During my Balkans trip, I had a quick but memorable stop in Montenegro. I spent a night in the Old Town of Kotor which is surrounded by two amazing elements that make this place so special: the Bay of Kotor or simply Boka and the Fortress. The Bay is simply fascinating. It feels like the mountains have cracked and let the Adriatic Sea invade the land with its Blue waters. The Bay of Kotor is considered to be the southernmost fjord in Europe.
My Balkan trip started with a one way ticket to Sarajevo, a week-long stay in Belgrade and a return ticket from Podgorica. All things were more or less spontaneous, especially since I met Belgrade. That city is fantastic, it was a huge surprise to fell in love with it but not only there. Kotor, in south western part of Montenegro, is really an amazing place too. Easy to like it and quickly to connect with it even though it was raining during my whole stay! The weather was not too much of an obstacle -usually it is really annoying!- as I did not focus on the rain but rather on the glorious beauty of this tiny country.
Some history… Montenegro was part of Yugoslavia.
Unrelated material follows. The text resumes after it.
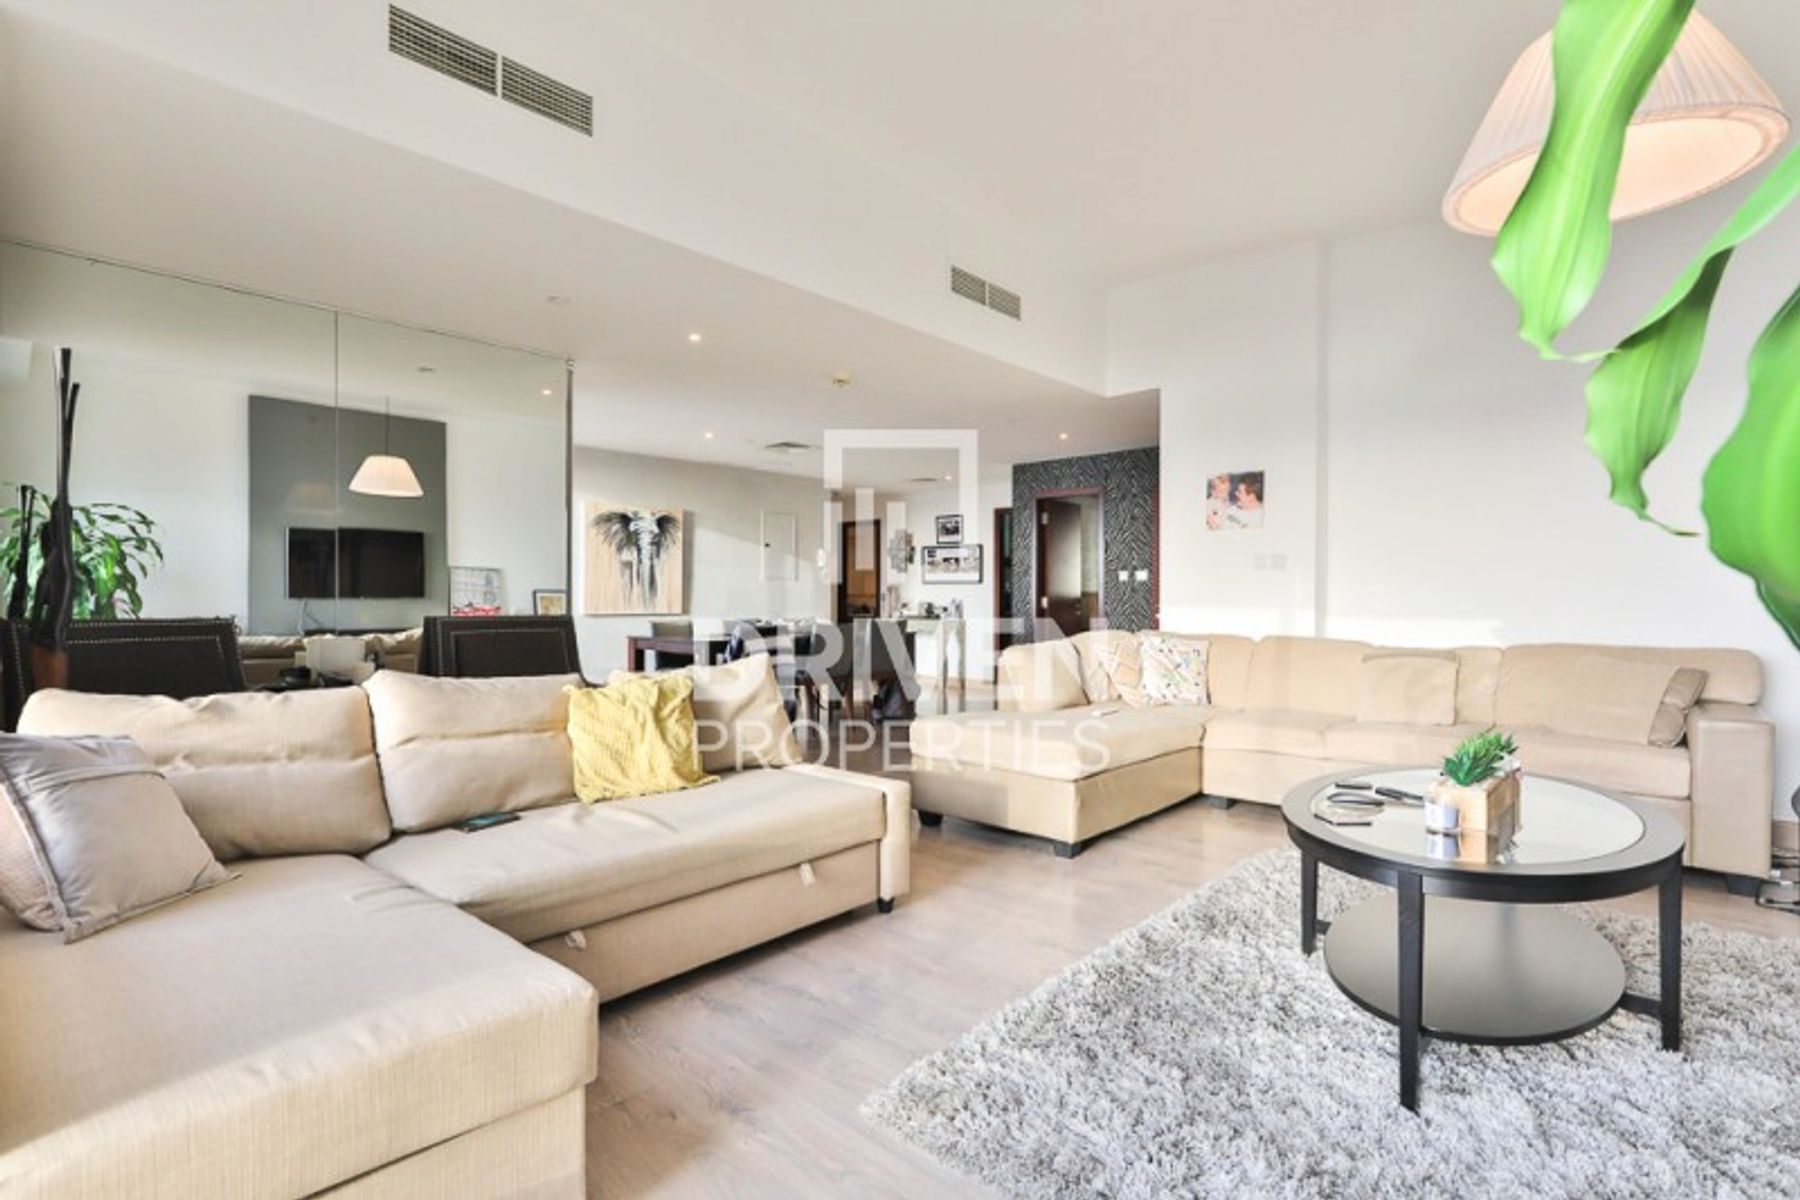 للبيع - شقة - بحر 4 - مساكن شاطئ الجميرا

Then part of a weird country, Serbia-Montenegro. Then independent since 2006 officially as “The Republic of Montenegro”. This is it for the history section… I’m being a bit lazy to develop on some historical facts but we know the story, a battle, a war, a hero, a princess in the dungeon. I’ve gone a little too far. But wait. There is a fortress in Kotor!
A UNESCO World Heritage, St John’s Fortress is at the East of the Old Town. But up in the air. A long climb will be needed. There are around 1350 steps-some which are broken so a couple of hours are needed to climb up and down. It’s no ordinary hike as there is spectacular view over the Bay of Kotor and the Old Town which clearly appears to be shaped as a triangle from up.
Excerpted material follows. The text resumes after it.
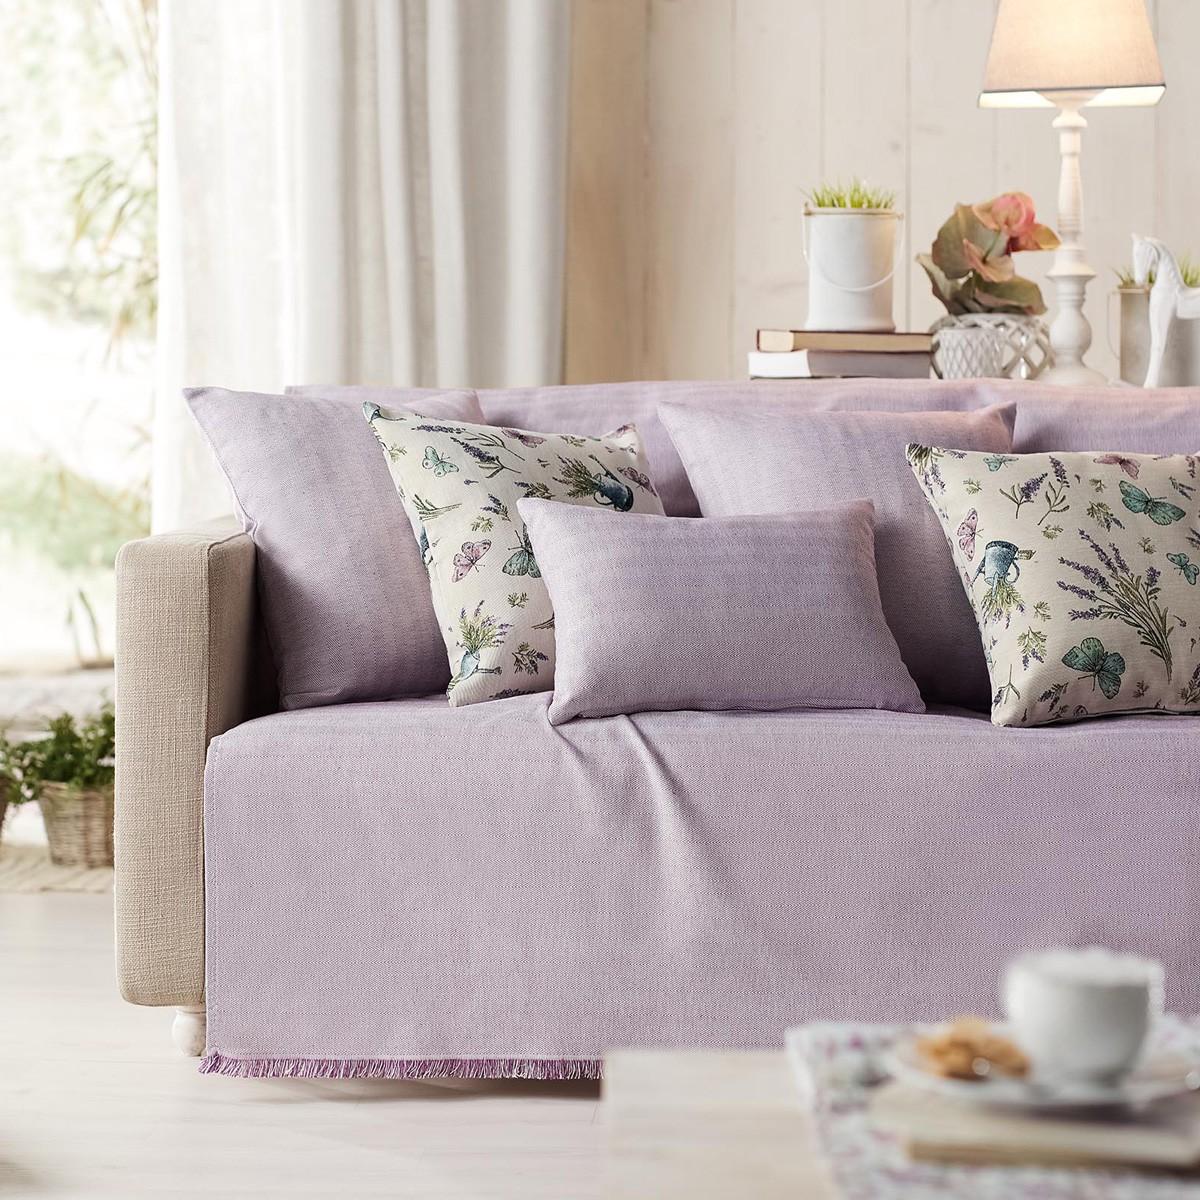 Ριχτάρι Πολυθρόνας (180x180) Gofis Home Herring Purple 732/19

One of the main stops while climbing is the Church of Our Lady of Health which is approximatively at the middle of the way up. I stopped every 2 minutes to take pictures and I was impressed by the view every 10 additional steps I climb. It just gets better and better.
I stayed for one night at The Old Town Hostel. It’s a really cosy and nice place, friendly staff that offers drinks during the whole stay and cool travellers to meet with whom I hang out for a while. And surprisingly, I was not the first Moroccan traveller to stay at this hostel. The staff has met others last summer. And apparently, the summer season is just non-stop. The city and the country just gets crowded by visitors from all over the world.
It was clearly off-season. I was there in January and the Old Town was absolutely empty at some times of the day. It was fine by me. I felt like I owned this place. All mine. Also, since it’s a small Old Town. It was very enjoyable to walk around it but especially get lost and just enjoy it. I met few cats by the way!
But outside the Old Town, there is the actual Bay of Kotor. A fantastic natural beauty, a huge asset for Montenegro’s attractiveness. I walked near the blue-green-ish water and I was taken away by all the fresh and pure air. But not for so long because it started raining again! I took few pictures and kept walking around.
But unfortunately, my stay and my trip had an end. I was about to take a bus from Kotor to Podgorica which would take around 1h30min for around 80km of distance but due to landslides the main highway was closed so it means that I had no choice but wait long hours at the station, take the first bus to Niksic, change for another bus and then finally arrive to Podgorica.
80 km in 5 hours… I was lucky though to meet a guy from South Africa but because his parents are from Yugoslavia he went back home in Montenegro to study. We were both stranded at the bus station and both at the same situation, well almost,… the next morning he had an exam and I had a plane to catch.